At this point, the Yankees had two main options. Old-school baseball dictated a sacrifice bunt by Jeter, which could advance Cairo to third, which would have meant that a productive out could have scored a crucial insurance run. But the modern game is played differently.
Baseball statistician Tom Tango has done great work helping to explain the mathematics of baseball. One question that comes up all the time is: given the current situation, how many runs can we expect to score? And if we bunt here and move a runner along, how many runs can we expect to score in that situation? If the second situation has a lower run expectancy than the first, bunting makes little sense. Why, after all, put yourself in a situation that reduces the number of runs you can expect to score?
Statisticians have analyzed literally hundreds of thousands of baseball games to determine the expected runs in any given situation, based on real-world data. There are three primary situations where managers typically call for a sacrifice (this is not counting when a pitcher is up, in which case sacrificing is almost always the normal – and correct – play). The first is when there’s nobody out and a runner at first. Managers will sacrifice in order to move the runner to second – “scoring position” – in the hopes that one of the following hitters will get a single. That single likely will drive the runner in. But hits of any kind are hard to come by in baseball – even the best batters make outs far more than they get hits.
In the case of a runner at first and nobody out, the expected runs are 0.86. That is, if you get a runner at first to lead off the inning, you can expect, over time, to score 0.86 runs. This is because even though he’s another base further from home, there are still three outs to play with, which means more opportunities for an extra-base hit, or a play that can extend the inning. But if you sacrifice the runner to second, your expected runs drops to 0.66. In other words, you’re not only sacrificing an out, you’re sacrificing 20% of a chance to score a run in the process. Outs are the most precious currency in the game. Normally, a full 9-inning game provides 27 outs to spend. Giving away outs to marginally increase your chances of scoring a run is generally bad business, but it’s especially bad business if it decreases your chances of scoring.
A second case where we often see sacrifice bunts is when there’s a runner at second with no outs, and he is sacrificed to third. This is the situation the Yankees were in after Cairo’s double. Traditional baseball thinking held that if you have a runner at second, you need a hit to the outfield to score him, but if you have a runner at third with less than two outs, he could score on a wild pitch, a passed ball, a balk, an infield ground out, or a fly ball to the outfield, in addition to a hit of any kind. Scoring from third – even with one out – seemed more likely than scoring from second with no outs.
Run expectancy tells a different story. If you have a runner at second with nobody out, you can expect to score 1.10 runs. But if you have a runner at third with one out, you can expect to score 0.95 runs. Yes, in fact, a sacrifice in this situation yields fewer expected runs than a runner at second and nobody out. By Tango’s methodology, Boston’s win expectancy would actually rise marginally if Torre elected to have Jeter sacrifice Cairo to third.

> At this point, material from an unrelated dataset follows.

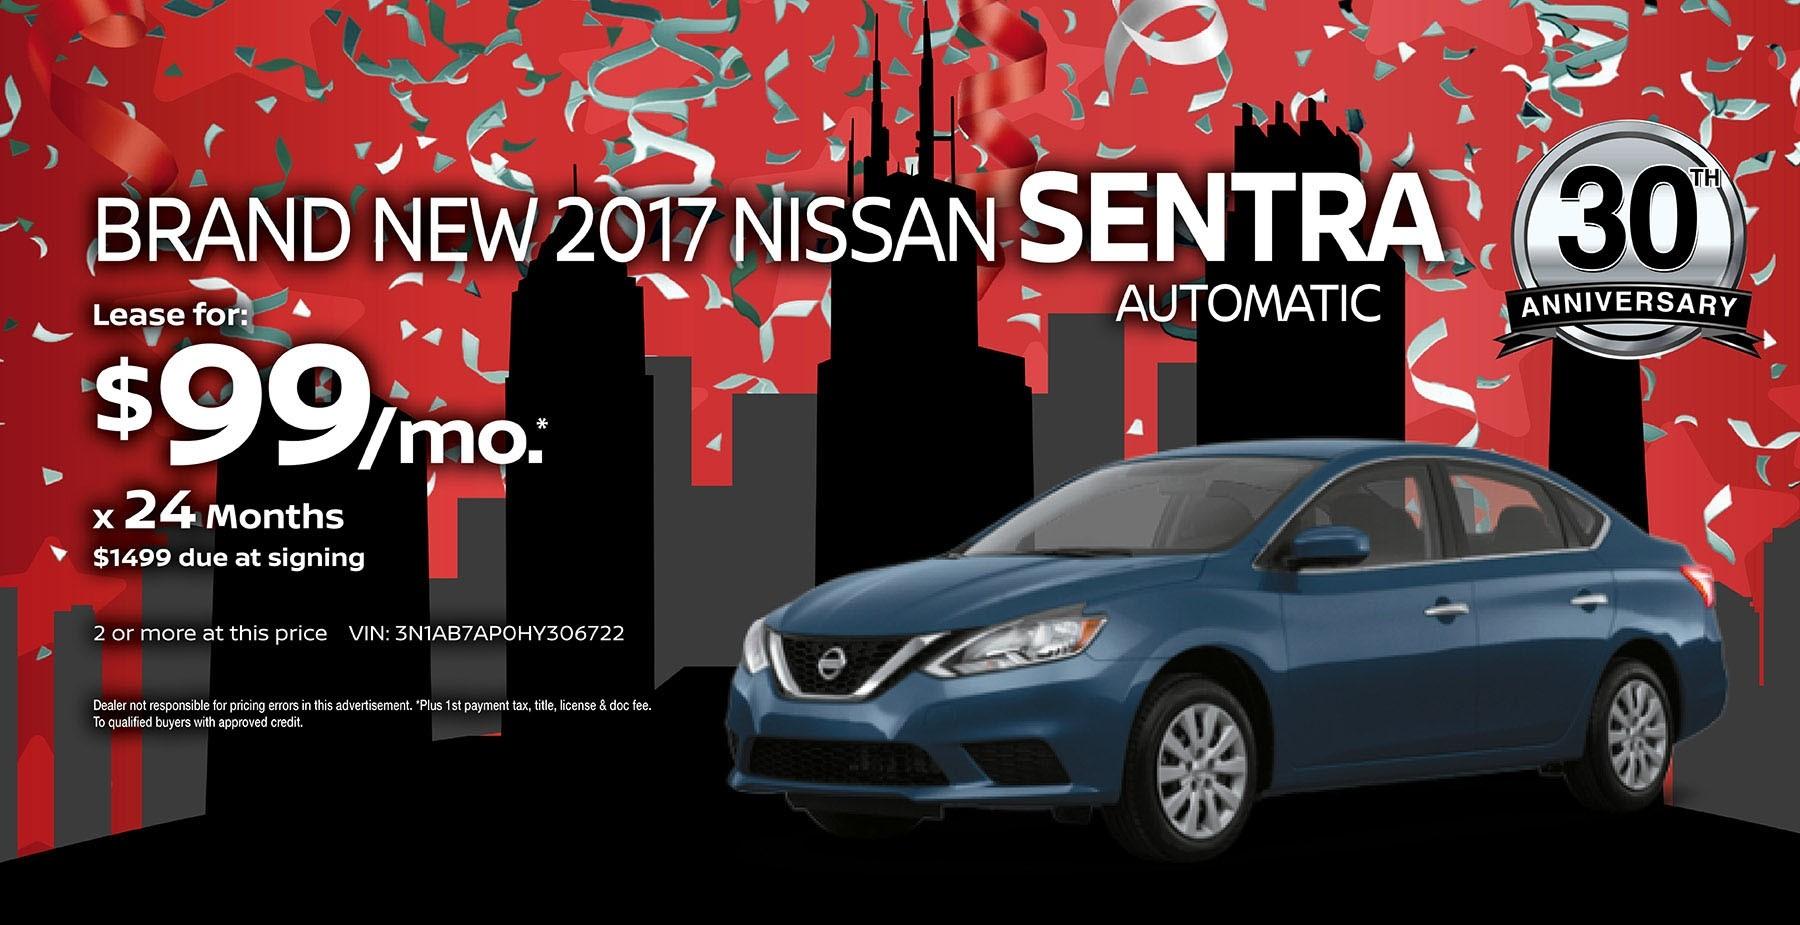 2017 Nissan Sentra July Sale at Star Nissan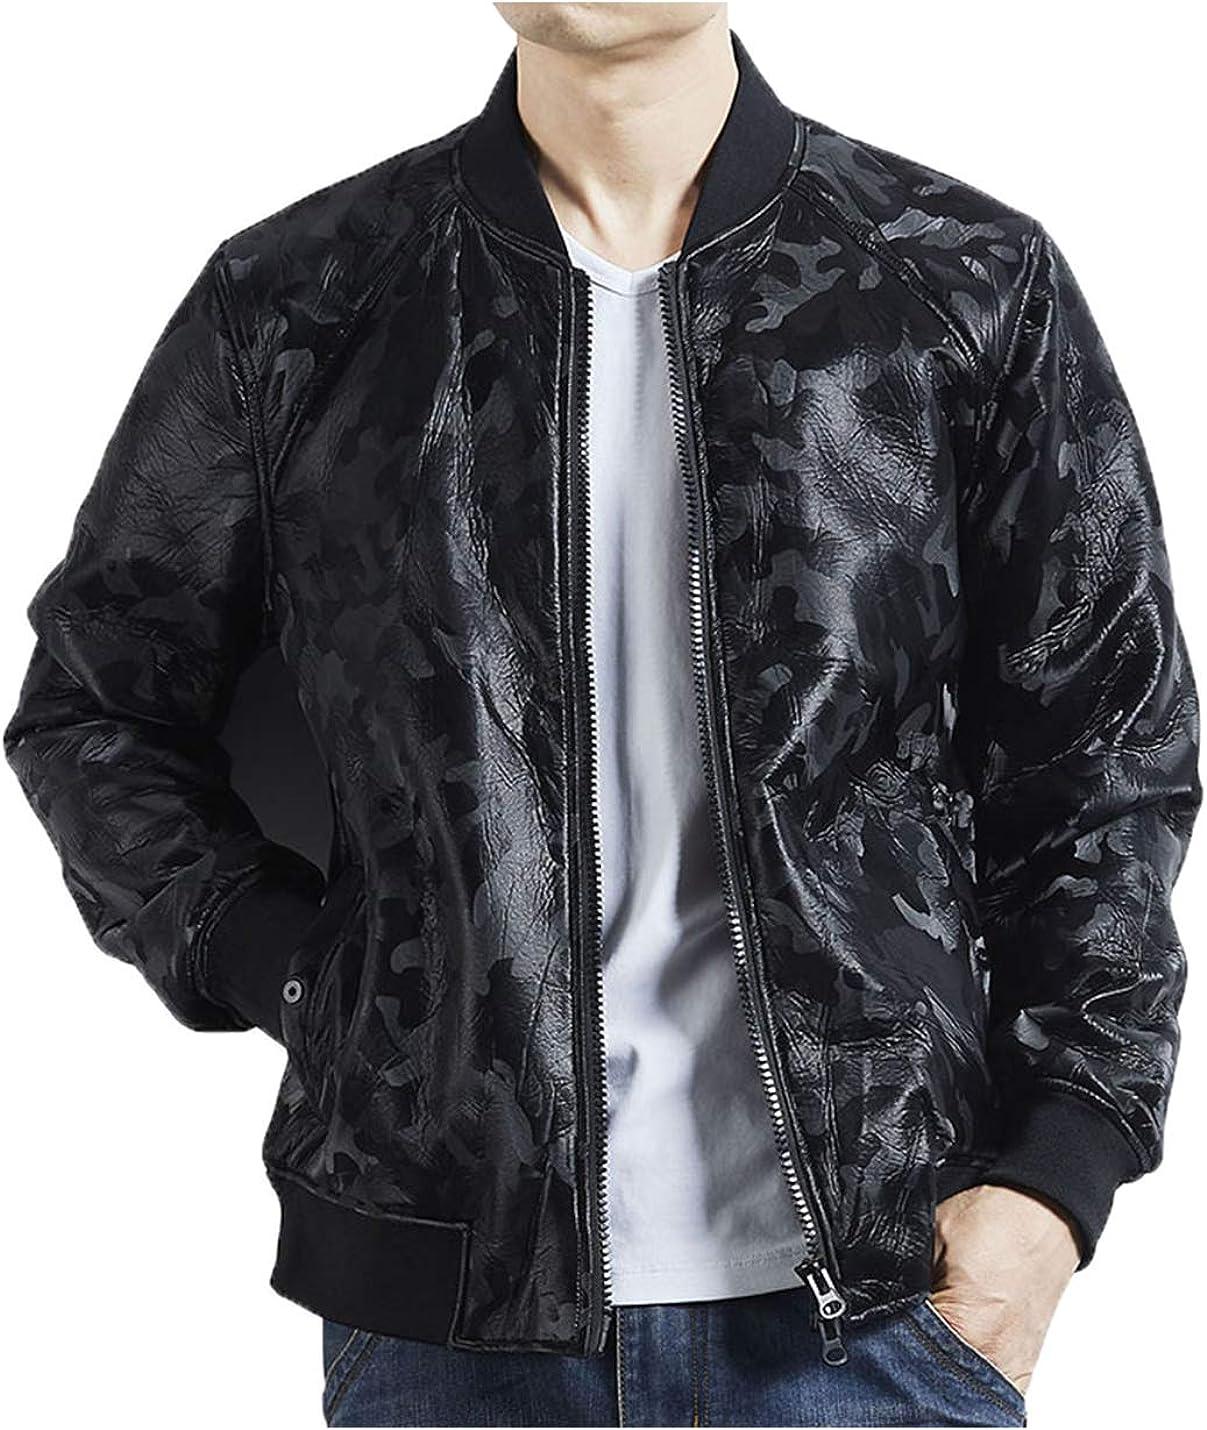 PAODIKUAI Men's Olive Camo Print Black Faux Leather Bomber Jacket Sports Zip Jacket

By the strict mathematics, Joe Torre’s best play, especially with Jeter, Rodriguez, and Sheffield due up, was to leave Cairo at second and take three shots at getting him in.
The third most common scenario is when you have runners at first and second and nobody out. In that situation, your expected runs are 1.44, but if you bunt them over, now you’re looking at runners at second and third with one out, and your expected runs drop to 1.38. A small drop, but a drop nonetheless.
The bunt has a long and complicated history in the game of baseball. It showed up first in the early years of the game, in the 1870s, and fans criticized it as being unmanly. The Boston Globe in 1873 called bunting “the black game” (not in reference to skin tone but rather that bunting was a sign that a hitter knew he wasn’t very good and had to resort to trickery).
President William Taft joined the chorus in 1904 saying that fans should see players “hit it out for all that is in them”. In the movie Moneyball, Oakland A’s General Manager Billy Beane, played by Brad Pitt, shares with his players his philosophy on bunting. He says, “No bunting whatsoever. And if someone bunts on us, just pick it up and throw it to first. Don’t try to be a hero and go to second. Let them make the mistakes. And when your enemy’s making mistakes, don’t interrupt them. They’re giving you an out, man, they’re just giving it to you. Take it and say thank you.”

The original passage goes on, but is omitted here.